§ **Task statement**
The output must consist only of the lines from the one with "New Balance Men's" through the end of the listing, restated exactly and free of pictures.

Information shown: Begin

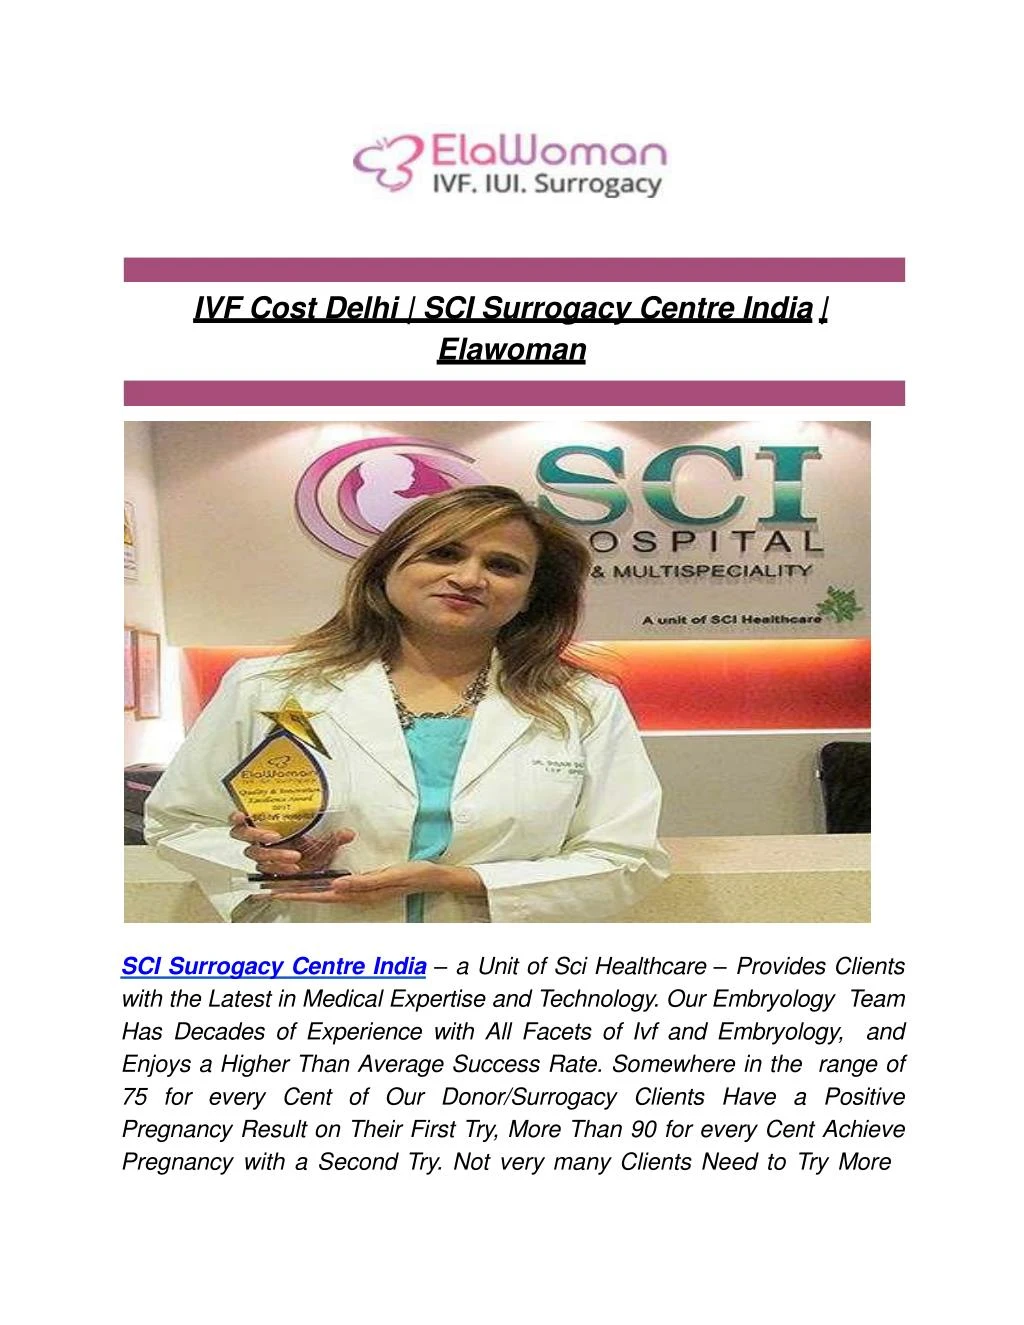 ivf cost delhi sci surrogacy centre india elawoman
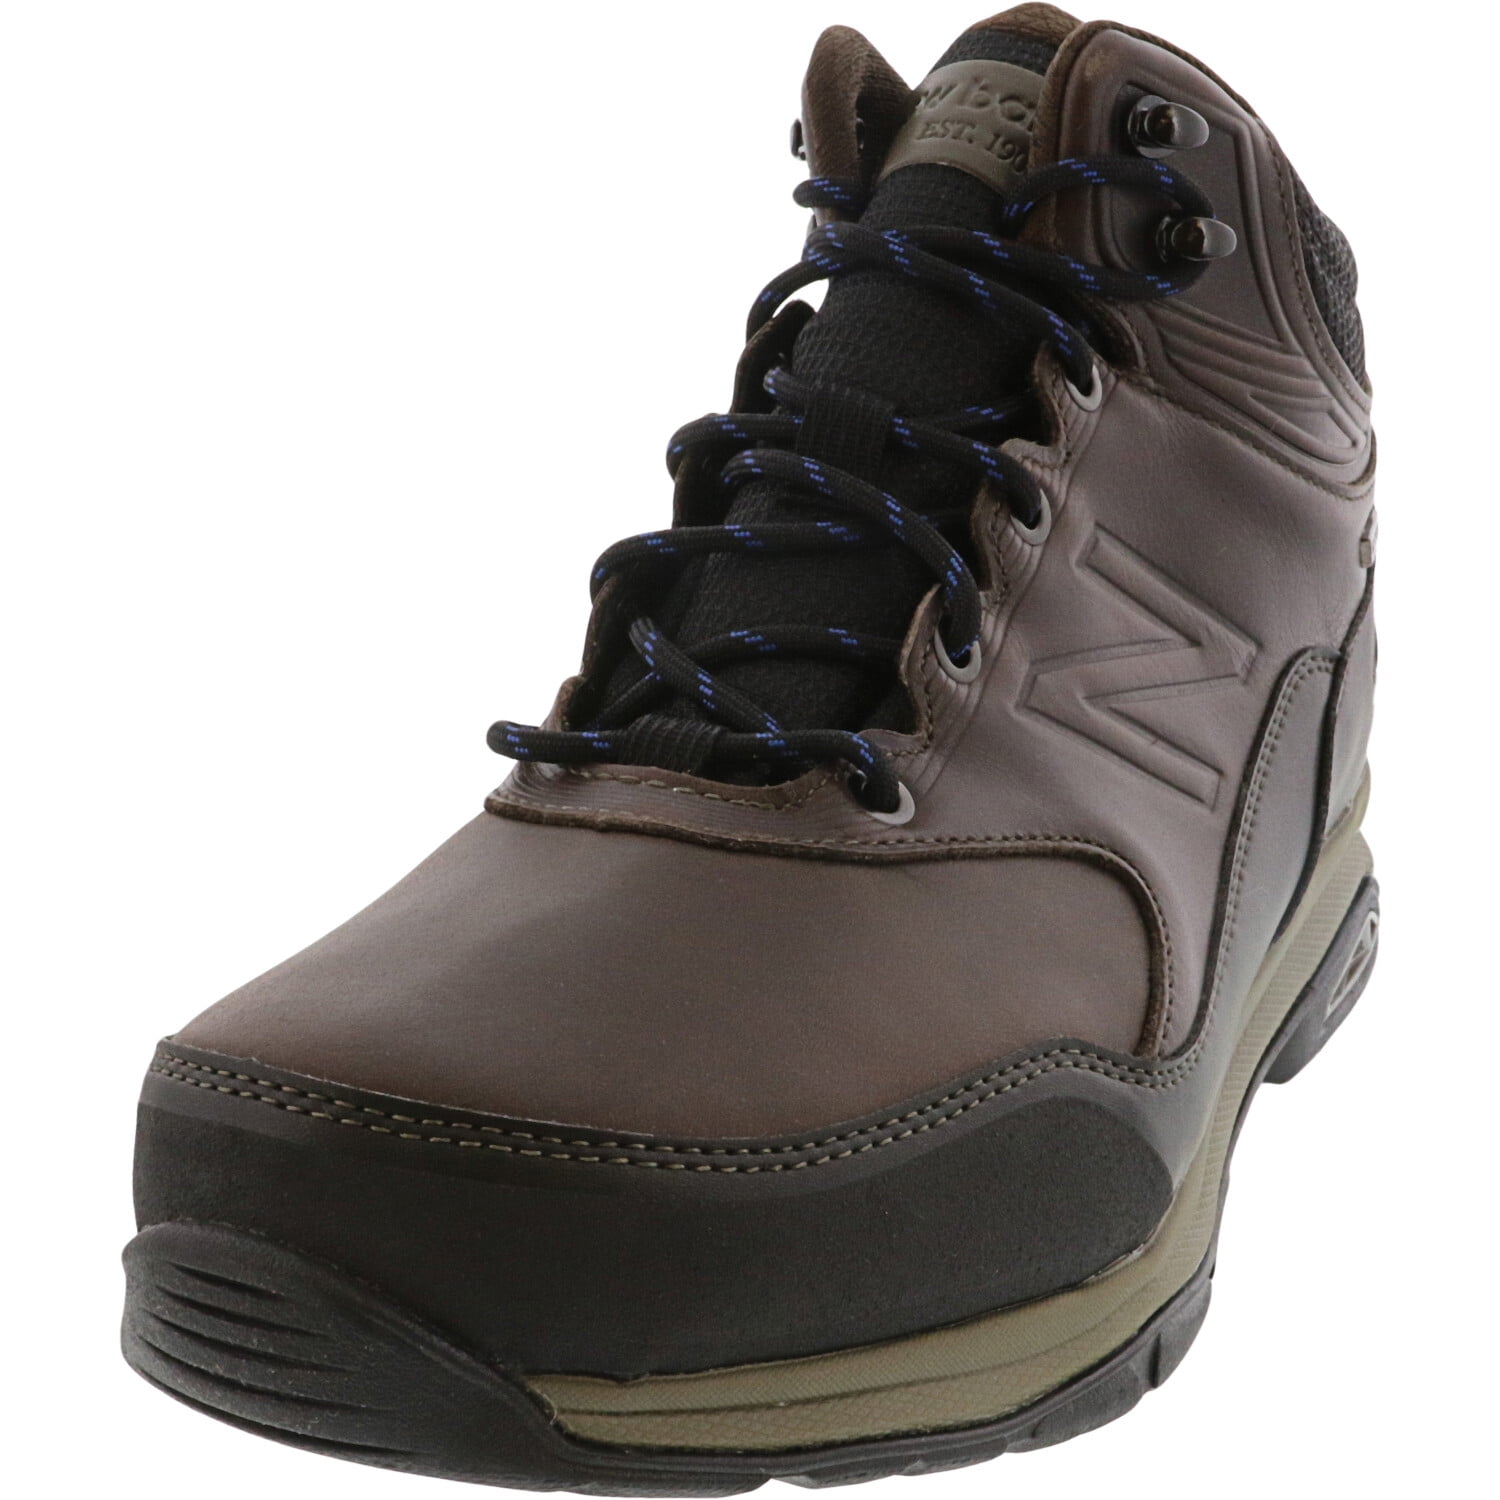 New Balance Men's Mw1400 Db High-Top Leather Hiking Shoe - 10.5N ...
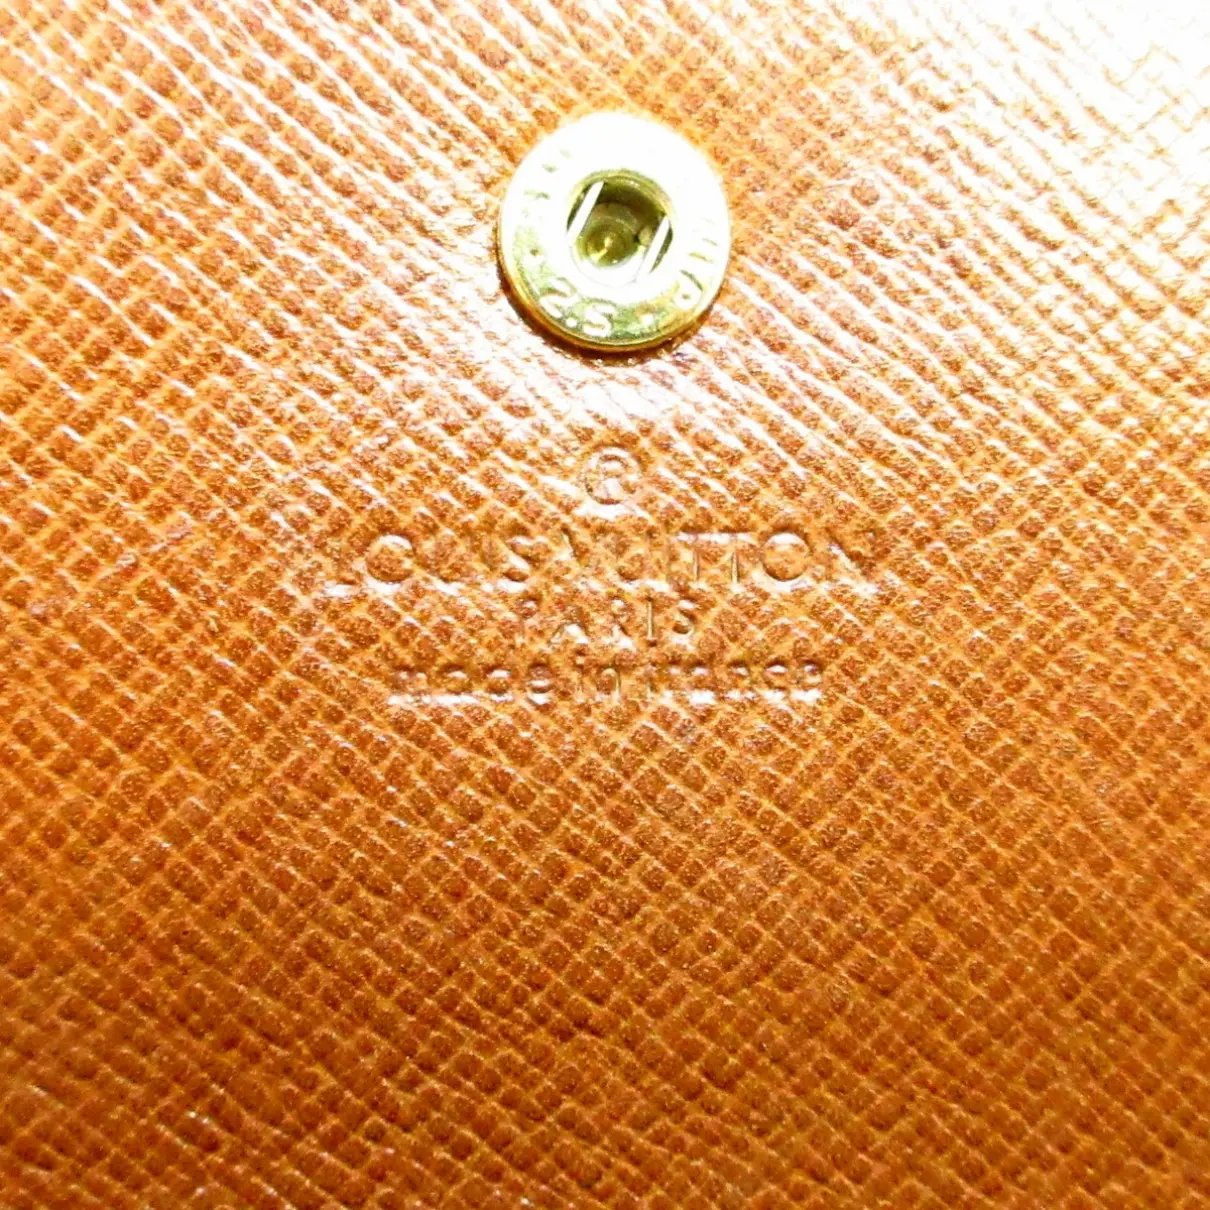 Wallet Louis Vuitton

Information shown: End

§ **Written solution**
 New Balance Men's Mw1400 Db High-Top Leather Hiking Shoe - 10.5N ...
 Wallet Louis Vuitton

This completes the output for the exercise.